Question

Find the equation of a circle
(i) which touches both the axes at a distance of 6 units from the origin.
(ii) which touches x-axis at a distance 5 from the origin and radius 6 units.
(iii) which touches both the axes and passes through the point (2, 1).
(iv) passing through the origin, radius 17 and ordinate of the centre is −15.

Answer 1

Let (h, k) be the centre of a circle with radius a.
Thus, its equation will be ${\left(x-h\right)}^2+{\left(y-k\right)}^2=a^2$.

(i) Let the required equation of the circle be ${\left(x-h\right)}^2+{\left(y-k\right)}^2=a^2$.
It is given that the circle passes through the points (6, 0) and (0, 6).

∴ ${\left(6-h\right)}^2+{\left(0-k\right)}^2=6^2$
And, ${\left(0-h\right)}^2+{\left(6-k\right)}^2=6^2$

$$\begin{gathered} \Rightarrow {\left(6-h\right)}^2+{\left(-k\right)}^2=36 \\ \Rightarrow 36+h^2-12h+k^2=36 \\ \Rightarrow h^2+k^2=12h...\left(1\right) \end{gathered}$$

Also, $h^2+36+k^2-12k=36$
$\Rightarrow h^2+k^2=12k$ ...(2)

From (1) and (2), we get:

$12k=12h\Rightarrow h=k$

∴ From equation (2), we have:
$$\begin{gathered} k^2+k^2=12k \\ \Rightarrow k^2-6k=0 \\ \Rightarrow k\left(k-6\right)=0 \\ \Rightarrow k=6\left(\because k>0\right) \end{gathered}$$

Consequently, we get:
h = 6

Hence, the required equation of the circle is ${\left(x-6\right)}^2+{\left(y-6\right)}^2=36$ or $x^2+y^2-12x-12y+36=0$.

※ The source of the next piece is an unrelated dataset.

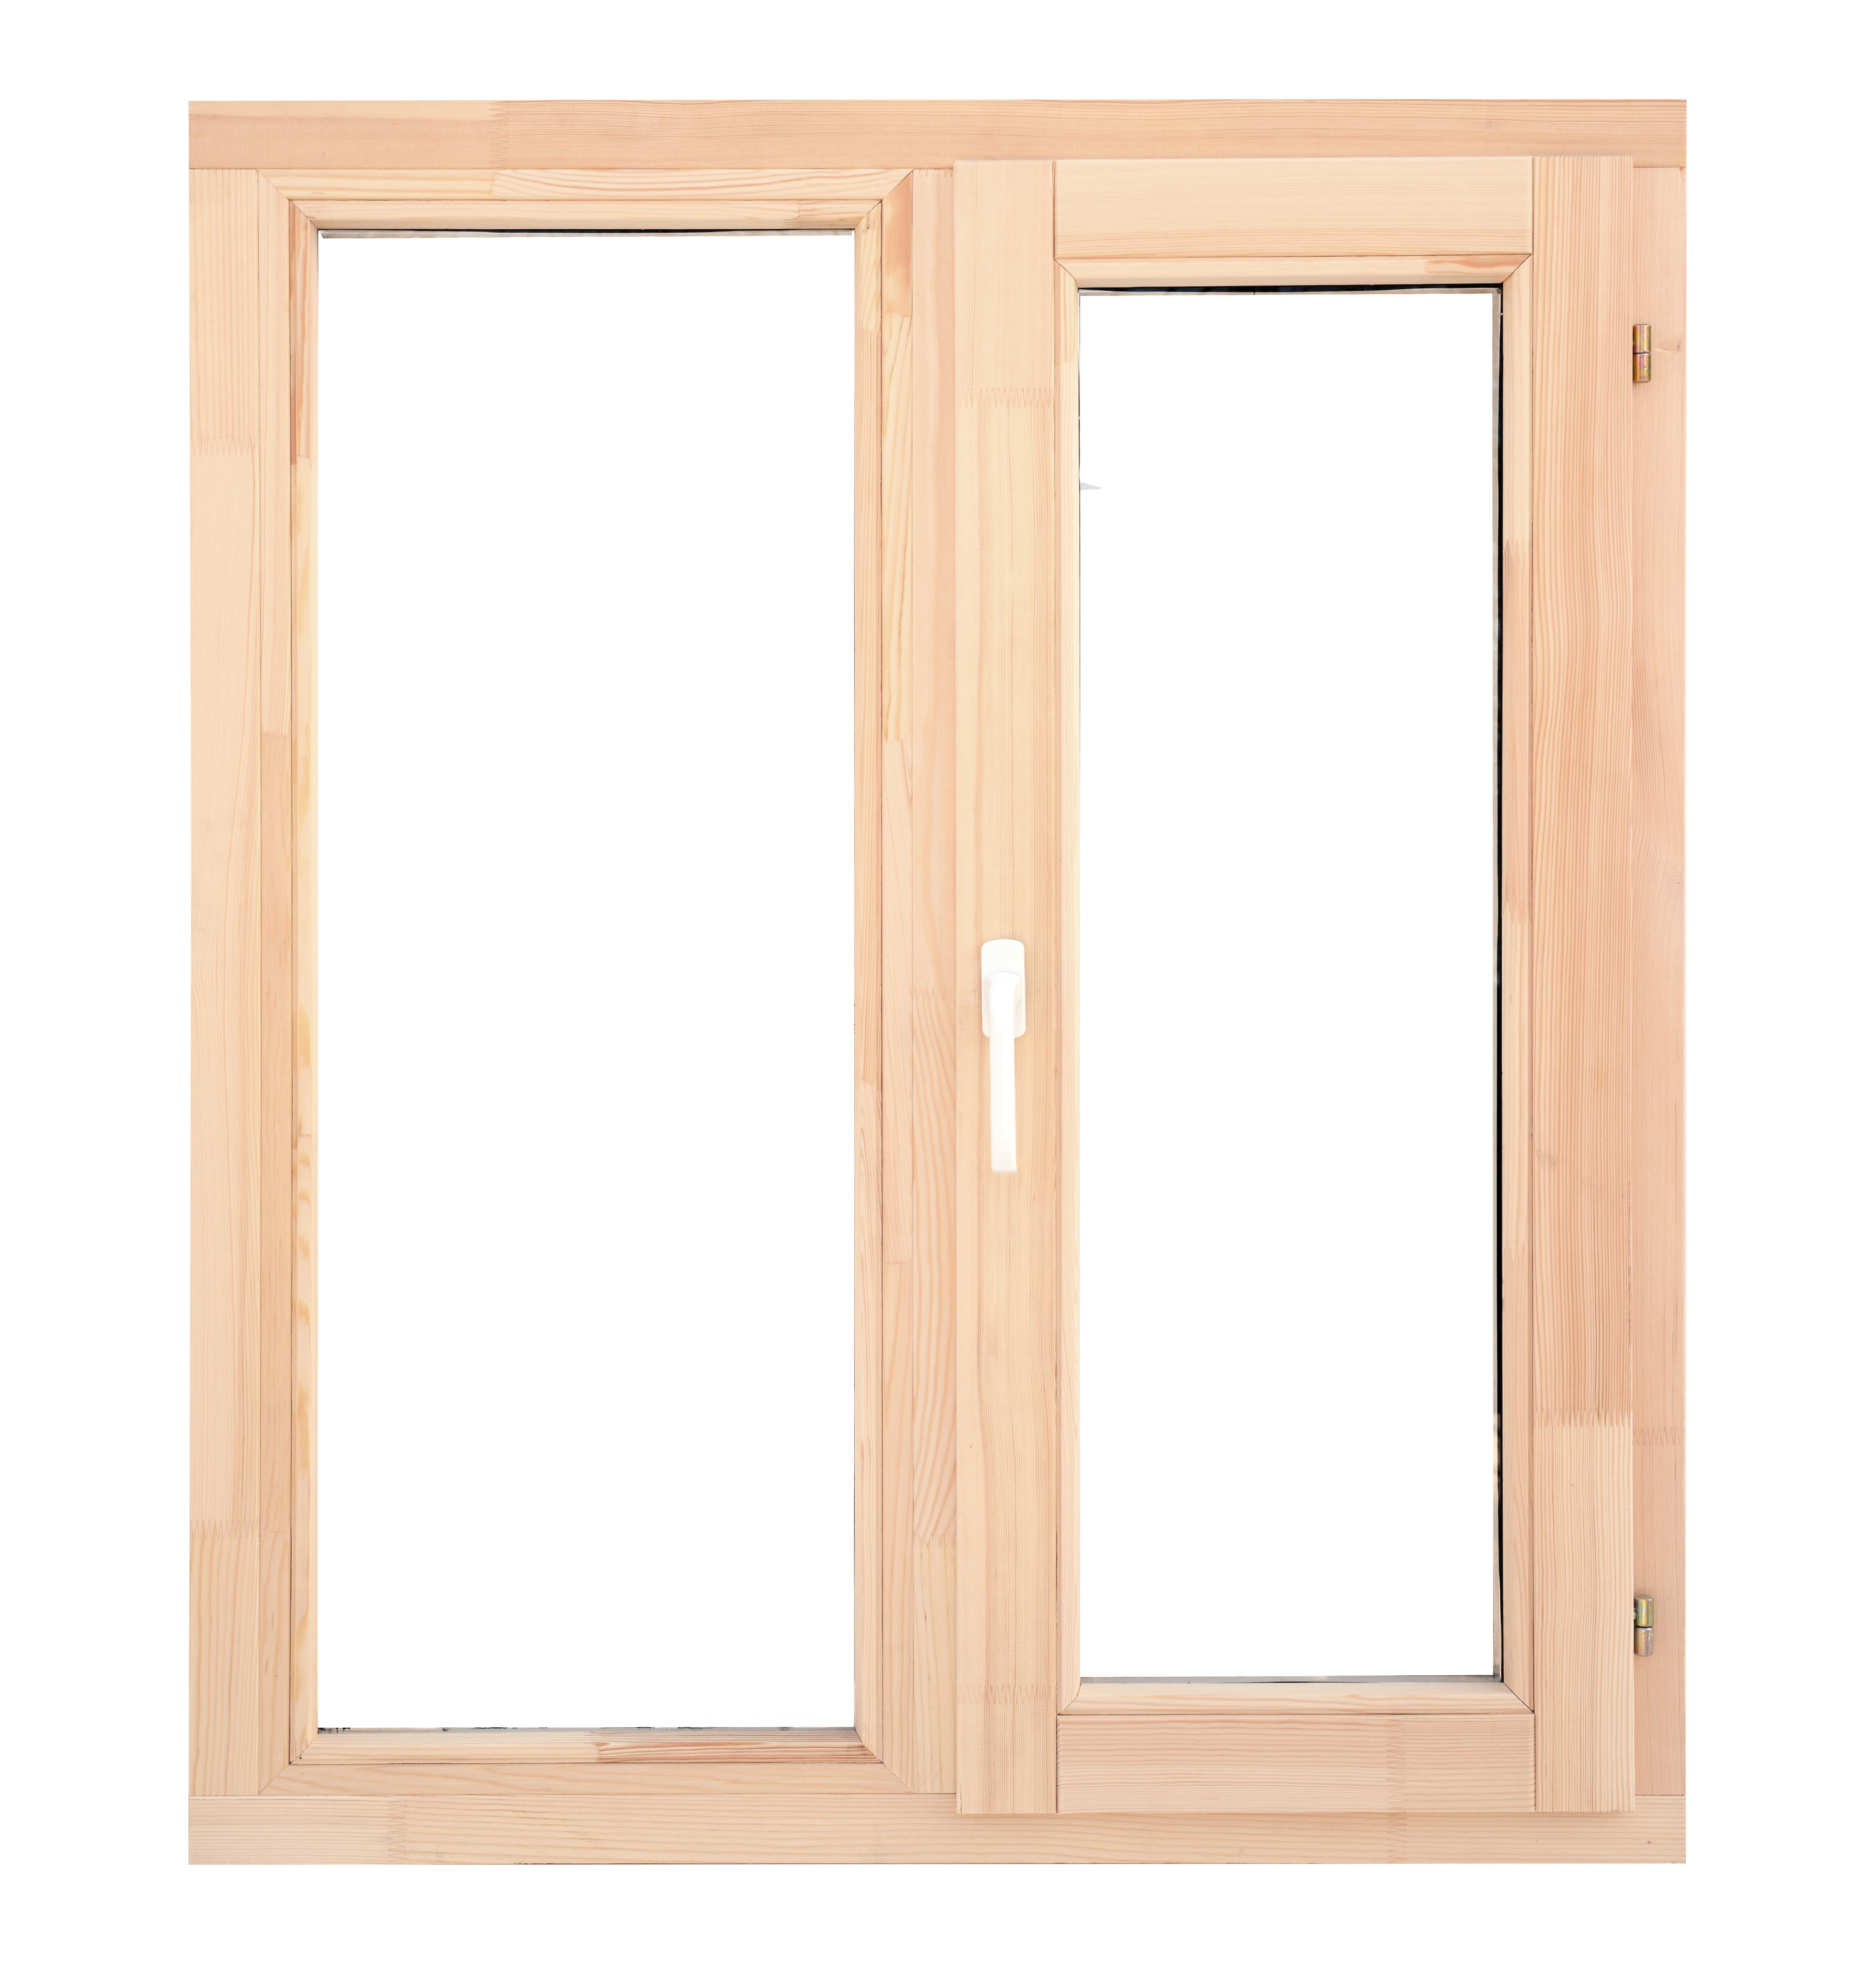 Леруа готовые окна. Окно деревянное 116x117. Блок оконный деревянный 1000х1000. Окно деревянное 96x58 см, однокамерный стеклопакет. Блок оконный деревянный 1000х1000х90 мм без форточки.

(ii) Let the required equation of the circle be ${\left(x-h\right)}^2+{\left(y-k\right)}^2=a^2$ .
It is given that the circle with radius 6 units touches the x-axis at a distance of 5 units from the origin.
∴ a = 6, h = 5

Hence, the required equation is ${\left(x-5\right)}^2+{\left(y-0\right)}^2=6^2$ or $x^2+y^2-10x-11=0$.


(iii) Let the required equation of the circle be ${\left(x-h\right)}^2+{\left(y-k\right)}^2=a^2$.
It is given that the circle touches both the axes.

Thus, the required equation will be $x^2+y^2-2ax-2ay+a^2=0$.

Also, the circle passes through the point (2, 1).

∴$4+1-4a-2a+a^2=0$
$$\begin{gathered} \Rightarrow a^2-6a+5=0 \\ \Rightarrow a^2-5a-a+5=0 \\ \Rightarrow a=1,5 \end{gathered}$$

Hence, the required equation is $x^2+y^2-2x-2y+1=0$ or $x^2+y^2-10x-10y+25=0$.

(iv) Let the required equation of the circle be ${\left(x-h\right)}^2+{\left(y-k\right)}^2=a^2$.
Given:
k = −15, a = 17

The circle passes through the point (0, 0).
∴ Equation of the circle:
${\left(0-h\right)}^2+{\left(0-15\right)}^2={\left(17\right)}^2$
⇒ $h=\pm 8$

Hence, the required equation of the circle is ${\left(x-8\right)}^2+{\left(y+15\right)}^2={17}^2$ or ${\left(x+8\right)}^2+{\left(y+15\right)}^2={17}^2$, i.e. $x^2+y^2\pm 16x+30y=0$.